Further expansion of BIS innovation hub

London marks the fourth BIS innovation hub, following relations with the Hong Kong Monetary Authority, the Monetary Authority of Singapore and the Swiss National Bank to open innovation hubs in each respective region.

Over the next few months, BIS will similarly open innovation centres in Toronto, with the Bank of Canada, two with the European Central Bank in Frankfurt and Paris and one in Stockholm in collaboration with four Nordic central banks (Iceland, Norway, Denmark and Sweden). BIS has also developed a strategic partnership with the Federal Reserve Bank of New York. These partnerships seek to address the challenges brought about by new technology and trends in finance.

“The world is changing fast around us. Technology threatens to disrupt central banking across several dimensions,” said Benoît Cœuré, head of the BIS innovation hub.
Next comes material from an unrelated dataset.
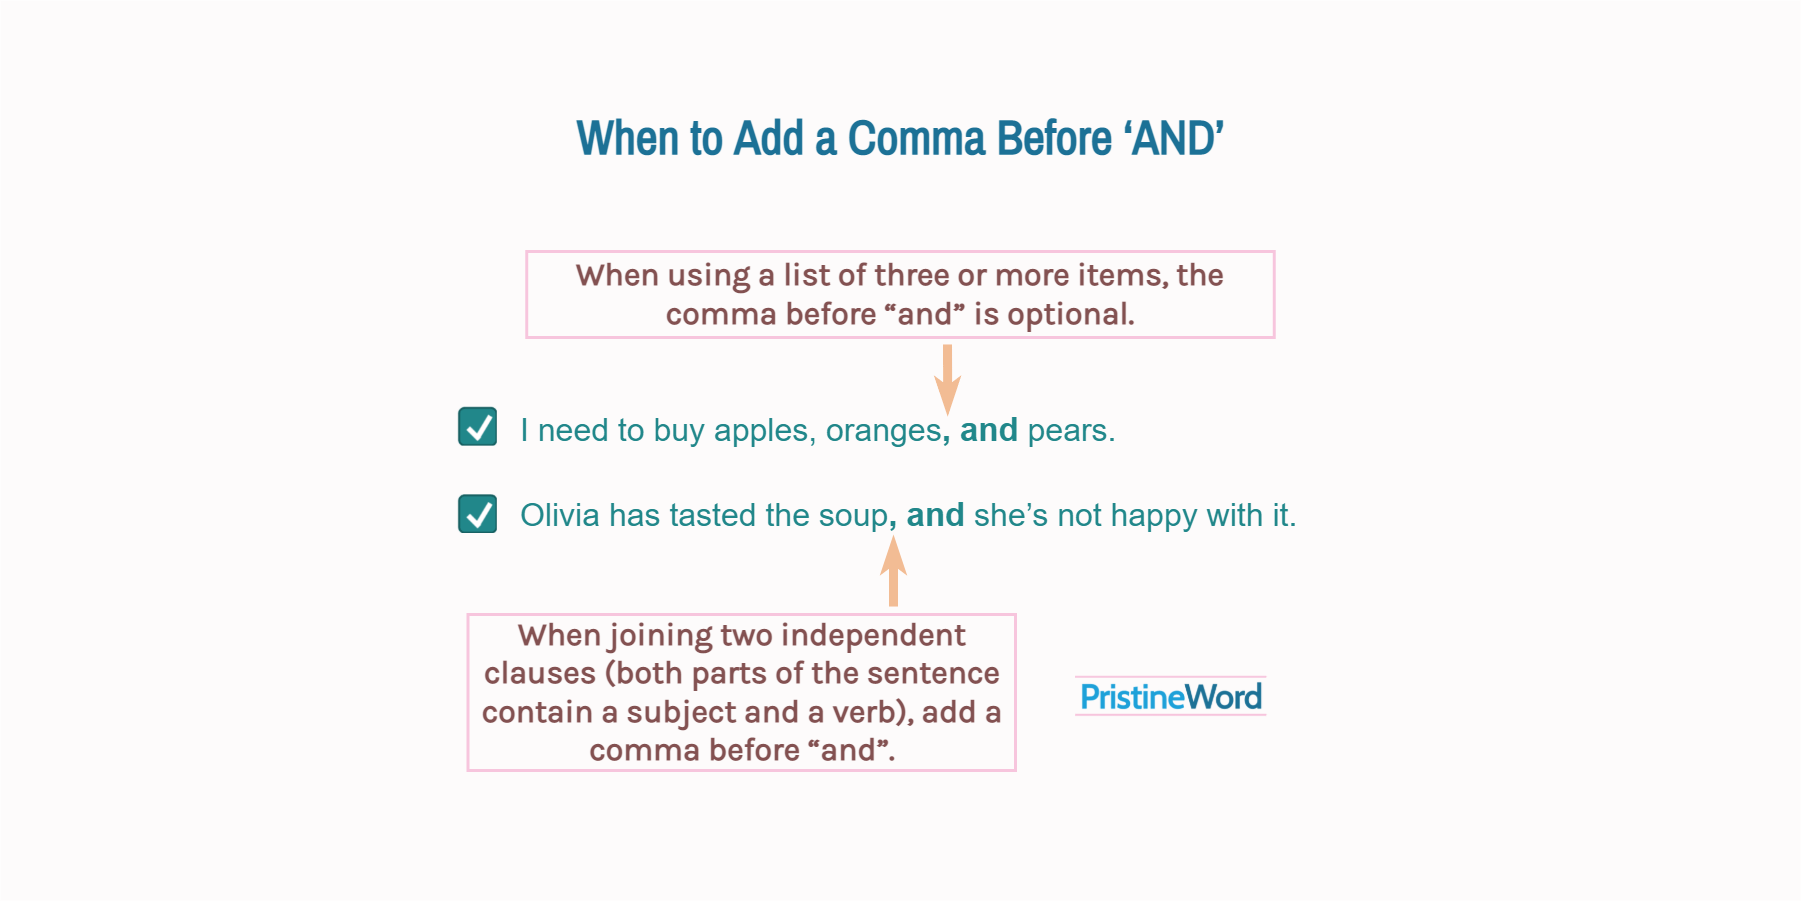 When to Add a Comma Before 'AND'
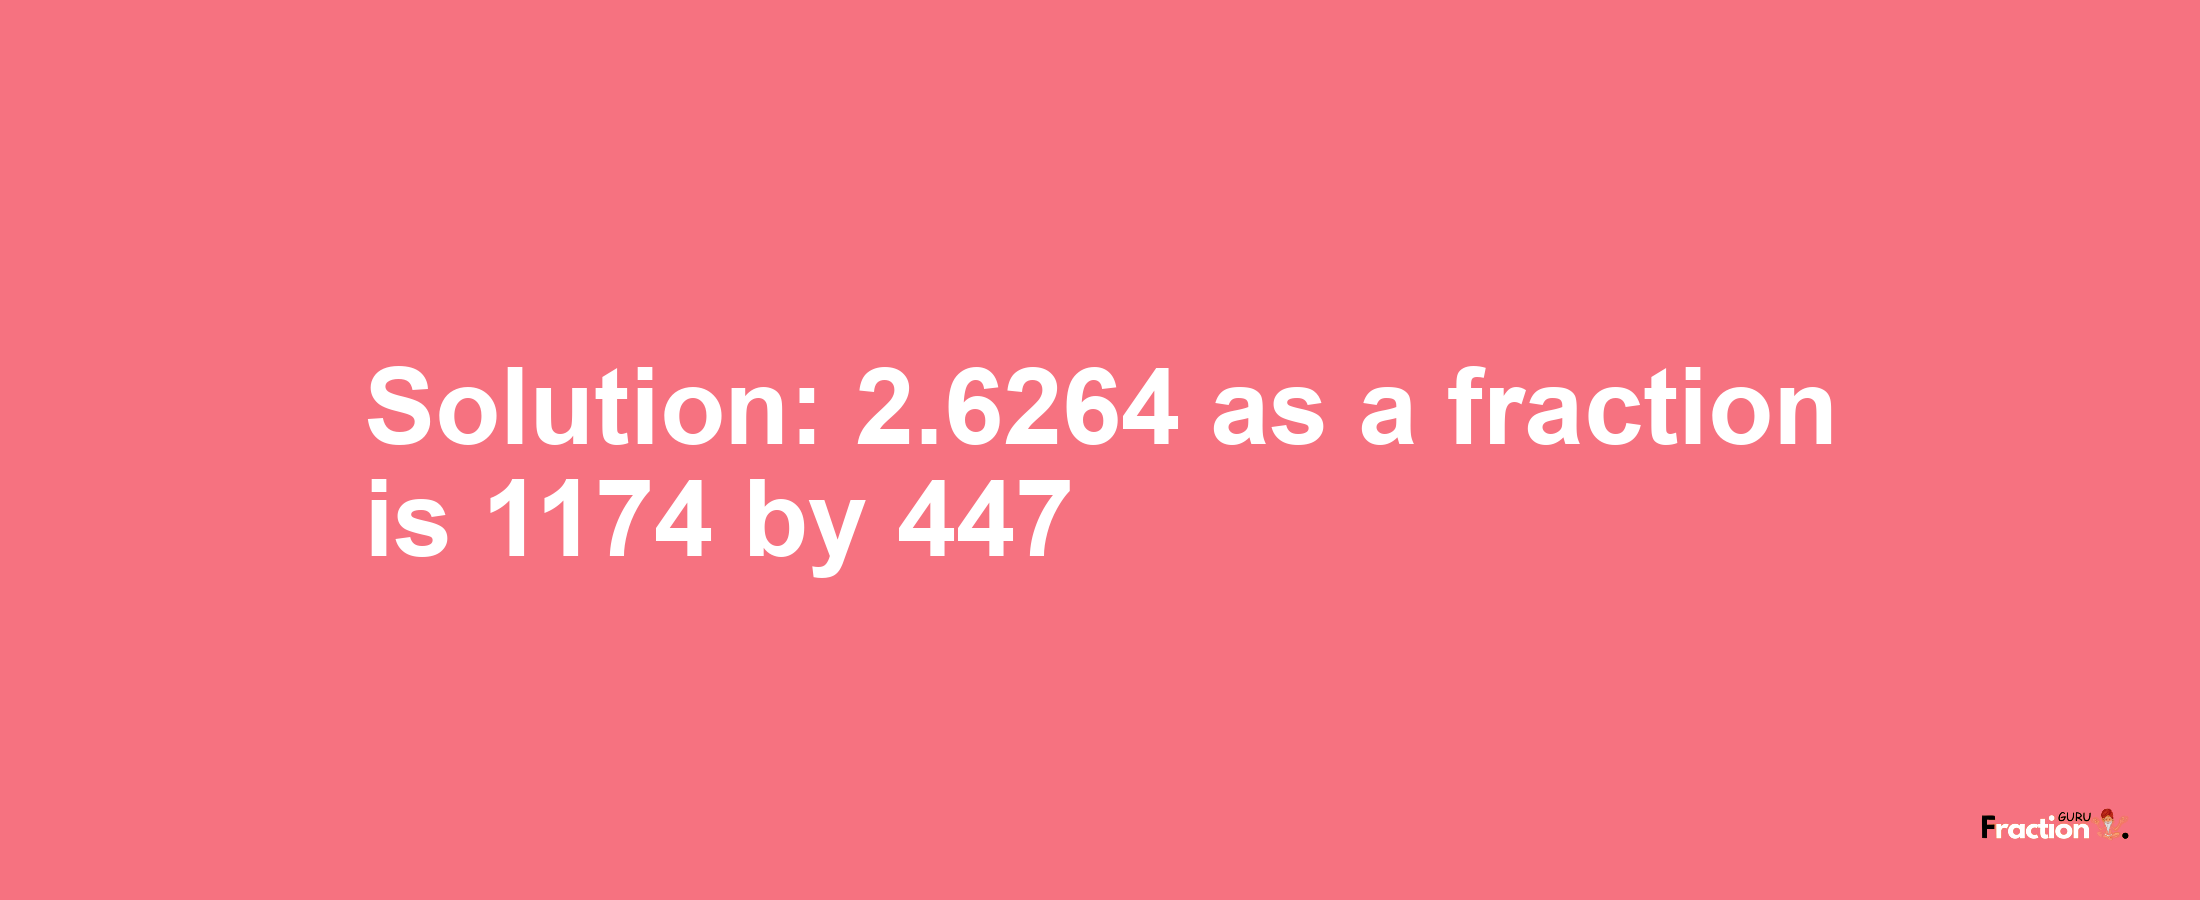 Solution:2.6264 as a fraction is 1174/447

“Big data, AI and machine learning are changing the way banks are assessing risks and providing credit to firms and households. Big tech has entered payments and credit markets, either directly or in partnership with financial institutions. This in turn presents new and complex trade offs between financial stability, competition and data protection.”

One issue that is a major priority for central banks is the development of stable coins and central bank digital currencies (CBDC). Bailey said there is “intense international public sector cooperation” to understand how digital currencies would affect financial stability. According to Cœuré, half of the BIS innovation hubs’ projects were currently related to CBDCs.

The BoE has yet to make a decision about developing a digital pound but Bailey said a CBDC would be ground-breaking.

“If this comes to pass, it will be one of the most fundamental innovations in the history of central banking.”

There has been increased interest in the use of digital currencies with China launching its digital RMB earlier this year and with El Salvador became the first country to adopt Bitcoin as legal tender this week.

Both the BoE and BIS were dismissive of the crypto asset as a payment medium.

“Bitcoin is a speculative asset and should be regulated as such,” said Cœuré.

Ramsden reinforced that message and added, “It should be seen as [a speculative asset] by anyone who chooses to use it.”